The General Data Protection Regulation (GDPR) is the new European data protection legislation that enters into force on 25th May 2018. It is an important legislation in terms of changes to the organisational measures required for compliance. In particular, GDPR focuses on the use of consent and personal data and provides the data subject with several rights. These new changes have spurred innovation within the community - both in the industry as well as in academia – - that targets compliance with the various obligations of the GDPR. While such solutions claim assistance to the various provisions of the GDPR, comparing and collecting such solutions is a difficult undertaking due to the inability of consolidating them in an efficient manner.
A lack of method to address specific sections of the GDPR prevents related methods from being linked together in a uniform and consistent manner. This creates challenges in the comparison of their degree and scopes, especially regarding metrics of solutions that claim to assist in compliance. This hampers progress as it limits the findability of information related to a particular resource - in this case a concept or a point within the GDPR text.
Since particular points and concepts within a legislation are referred to using a form of numbering system, for example - Article 5(1) refers to the first point within Article 5, this can be used to create URIs that refer to each distinct resource within the GDPR. Using these URIs it is possible to define information targetting or referring to specific points or concepts. In this manner, legal resources and concepts within GDPR can be linked to each other as well to other resources.
Organisations and researchers gain the advantage through this of linking queries and results directly to the relevant text of GDPR, thereby making it possible to record and measure solutions for compliance towards specific obligations.
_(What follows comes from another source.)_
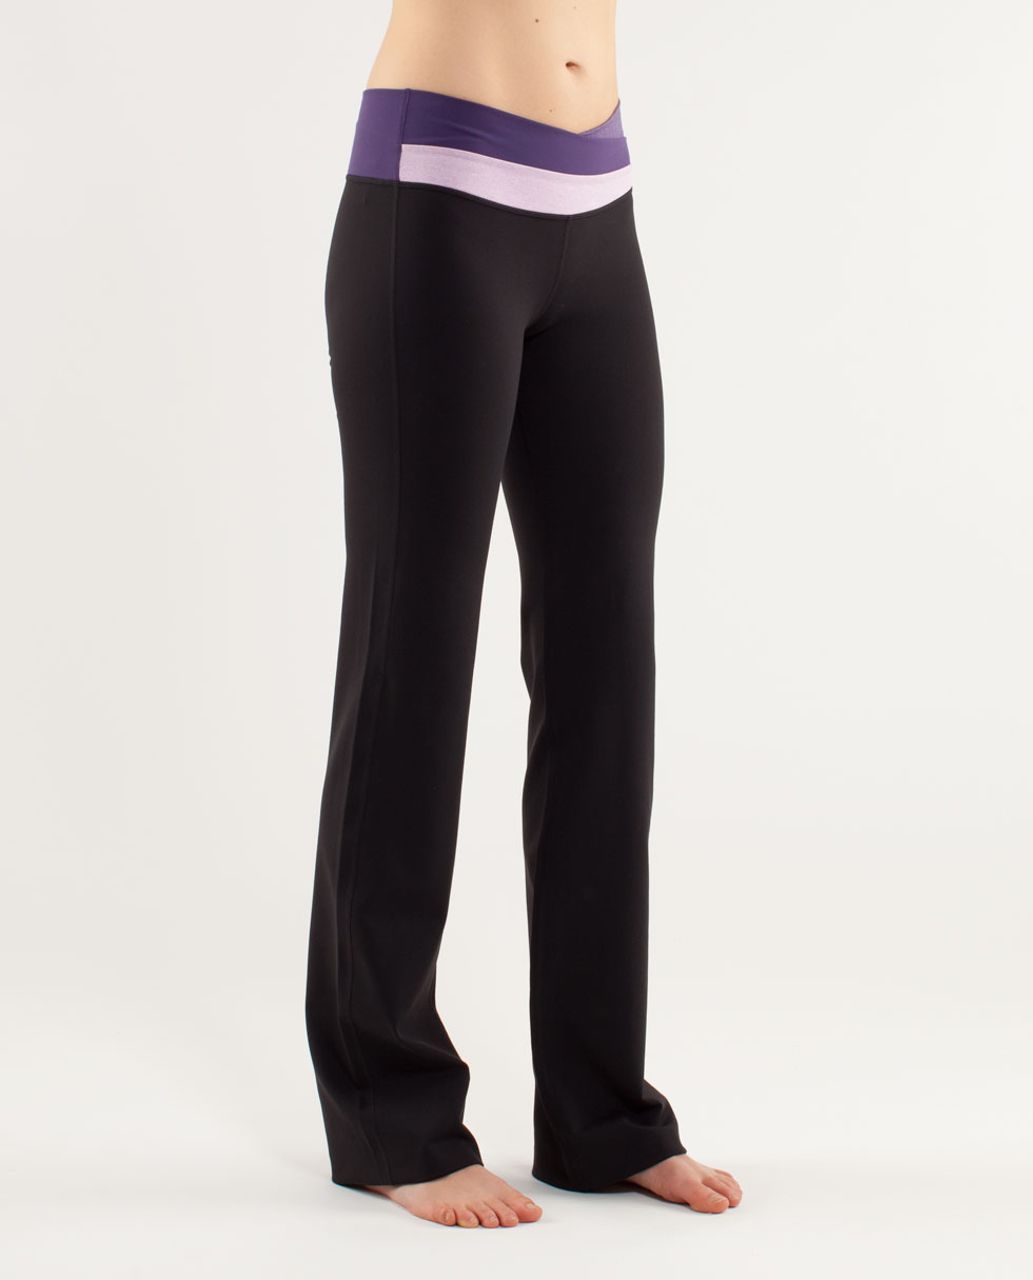 Lululemon Astro Pant *32 Yoga pants flare classic leggings size 6

The same approach can also be used in linking related legislations to the GDPR. Such links between associated information offer the benefit of being machine-readable and therefore can be queried and acted upon in an automated manner.
Through this paper and its associated resources, we aim to alleviate the above discussed limitation of legal text and demonstrate the application of FAIR principles to link together information associated with the GDPR and its compliance. To this effect, we present GDPR text extensions (GDPRtEXT), which consists of GDPR text defined as a DCAT catalog containing the official text as well as created RDF resources as datasets, and a SKOS ontology defining concepts related to GDPR. An application of GDPRtEXT is presented in the form of linking GDPR with its predecessor - the Data Protection Directive (DPD) - to facilitate the adoption of existing solutions in addressing GDPR. All resources described are documented and available online1 under the CC-by-4.0 license2.
The rest of the paper is structured in the following manner - Section 2 discusses the motivation and creation of the GDPR linked data resource and GDPRtEXT ontology. Section 3 contains the mapping between DPD and GDPR obligations. Section 4 describes the related work. Section 5 discusses potential applications and benefits to the community. Section 6 concludes the paper with a discussion of future work.
Creation of resource
In our previous work involving the GDPR –, we faced challenges in referring to GDPR concepts and obligations as well as in consolidating information referring to particular obligations. In light of this, we initially used the solution of assigning a permanent URI to each point in the text using HTML fragments so as to refer to them as linkable resources. Later, we extended this approach to create a RDF dataset that could be used in other works and queried using SPARQL. In light of its usefulness and benefits to the community, we removed the project specific artefacts to provide it as an open resource.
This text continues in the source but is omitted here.